Teste do copo: antes de usar a mistura no vaso definitivo, coloque em um copo transparente com furo no fundo. Regue e cronometre: se a água escorrer toda em menos de 10 segundos, a drenagem está boa. Se demorar mais de 30 segundos, adicione mais areia ou perlita.
O que mais dá errado
Terra pesada: terra preta, terra de jardim e substratos com alta proporção de argila retêm umidade por tempo excessivo. As raízes ficam permanentemente úmidas e apodrecem em poucos dias de chuva ou rega generosa.
Matéria orgânica demais: humus de minhoca, turfa e fibra de coco em excesso criam um substrato que retém água como esponja. Funciona bem para samambaias — mata rosa do deserto.
Areia fina: areia de construção (fina) compacta e se torna quase tão impermeável quanto argila quando molhada. Use sempre areia grossa lavada. A diferença de granulometria é a diferença entre vida e morte.
Substrato comprado "para suculentas": muitos produtos comerciais rotulados como "para suculentas" no Brasil ainda contêm excesso de orgânico. Teste a drenagem antes de usar. Se não drenar instantaneamente, adicione 30% a 50% de areia grossa.
Não renovar: substrato orgânico se degrada com o tempo. O que era drenante há 12 meses pode estar compactado e retendo água hoje.
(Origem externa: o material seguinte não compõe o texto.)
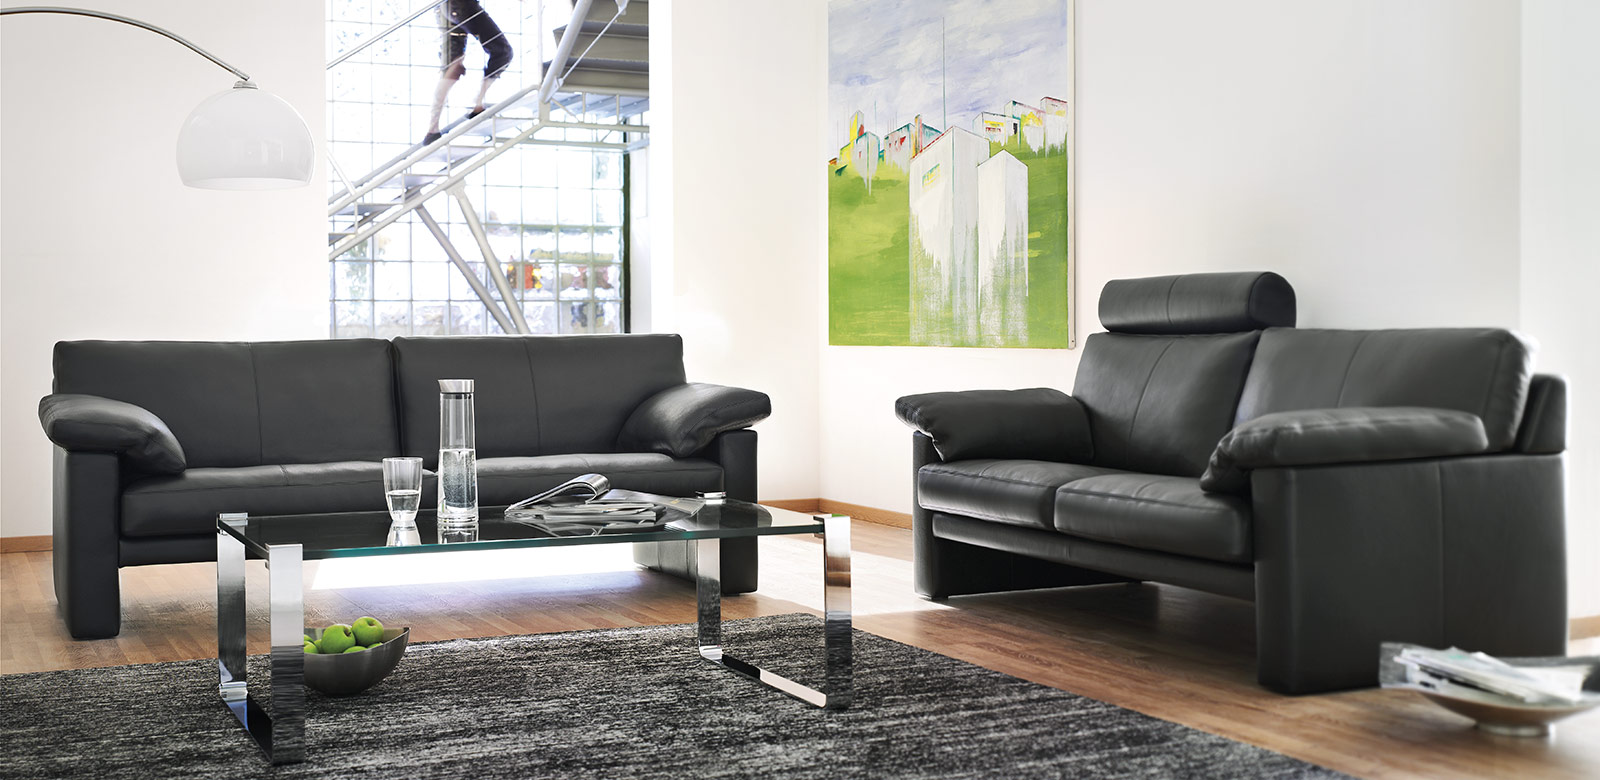 Full Size of Erpo Luxussofa Cl 300 Luxusmbel Designermbel Grünes Sofa Schlafsofa Liegefläche 180x200 Mit Schlaffunktion 2 Sitzer Benz 3 Grau Leder Spannbezug U Form Xxl Sofa Erpo Sofa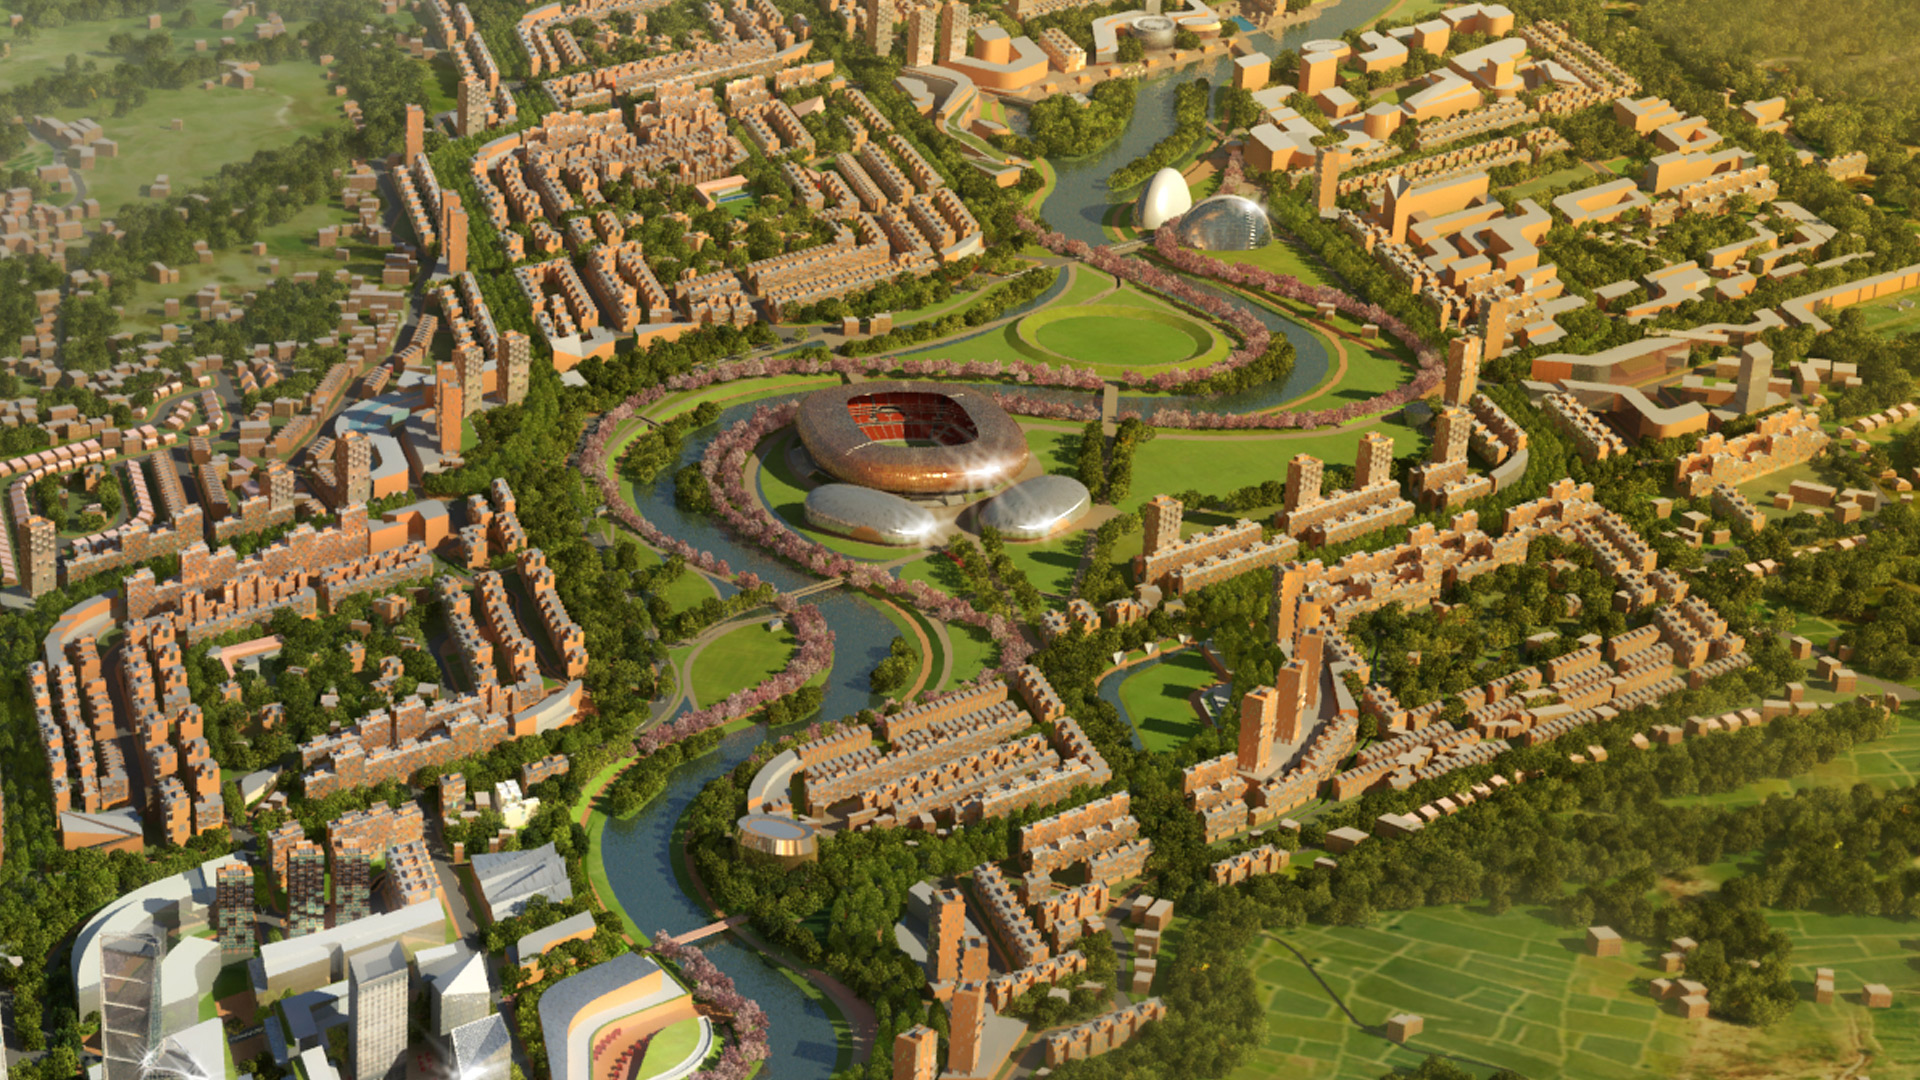 MAP-design-smart-city-architecture-planning-architect-kiran-mathema-aerial-view (3)

Troque a cada 12 a 18 meses.
Como identificamos substrato ruim na prática: se após regar você vê poças na superfície por mais de 5 segundos, o substrato está retendo demais. A água deve sumir instantaneamente, como se estivesse sendo engolida.
Como saber se o substrato ficou bom
Secagem: regue o vaso completamente e cronometre. O substrato ideal deve estar seco em 1 a 2 dias no verão e 2 a 3 dias no inverno. Se demora mais que 3 dias em qualquer estação, precisa de mais drenagem.
Resposta da raiz: na hora do replantio seguinte, observe as raízes. Raízes brancas, firmes e ramificadas = substrato bom. Raízes escuras, moles ou escassas = substrato retendo demais.
Resposta da planta: caudex em expansão, folhas novas regulares e floração indicam que o substrato está adequado. Crescimento travado, folhas amarelando e caudex estagnado ou enrugado sugerem problema na raiz — e o substrato é o primeiro suspeito.
Cheiro: substrato bom tem cheiro neutro ou levemente terroso. Se ao regar você sentir cheiro ácido ou de decomposição, houve degradação além do aceitável. Troque.
Peso do vaso: com a prática, você sentirá a diferença. Vaso pesado após 2 dias da rega = substrato retendo demais. Vaso significativamente mais leve que no dia da rega = secagem adequada.
Perguntas frequentes
Posso usar areia pura?
Tecnicamente sim, mas areia pura não oferece nutrientes e retém muito pouca umidade — exigindo rega mais frequente. A mistura com orgânico e carvão equilibra nutrição e retenção sem comprometer a drenagem.
Terra preta serve?
Não como componente principal. Terra preta retém água em excesso e compacta. No máximo, use 10% a 15% da mistura total. A maior parte deve ser areia grossa e perlita.
Substrato muito orgânico atrapalha?
Sim. Acima de 30% de matéria orgânica, o substrato retém água demais para rosa do deserto. Quanto mais orgânico, mais parece um substrato de samambaia — e rosa do deserto não é samambaia.
Quando trocar a mistura?
A cada 12 a 18 meses. A parte orgânica se decompõe e o substrato perde capacidade de drenagem. No replantio, sempre use mistura fresca.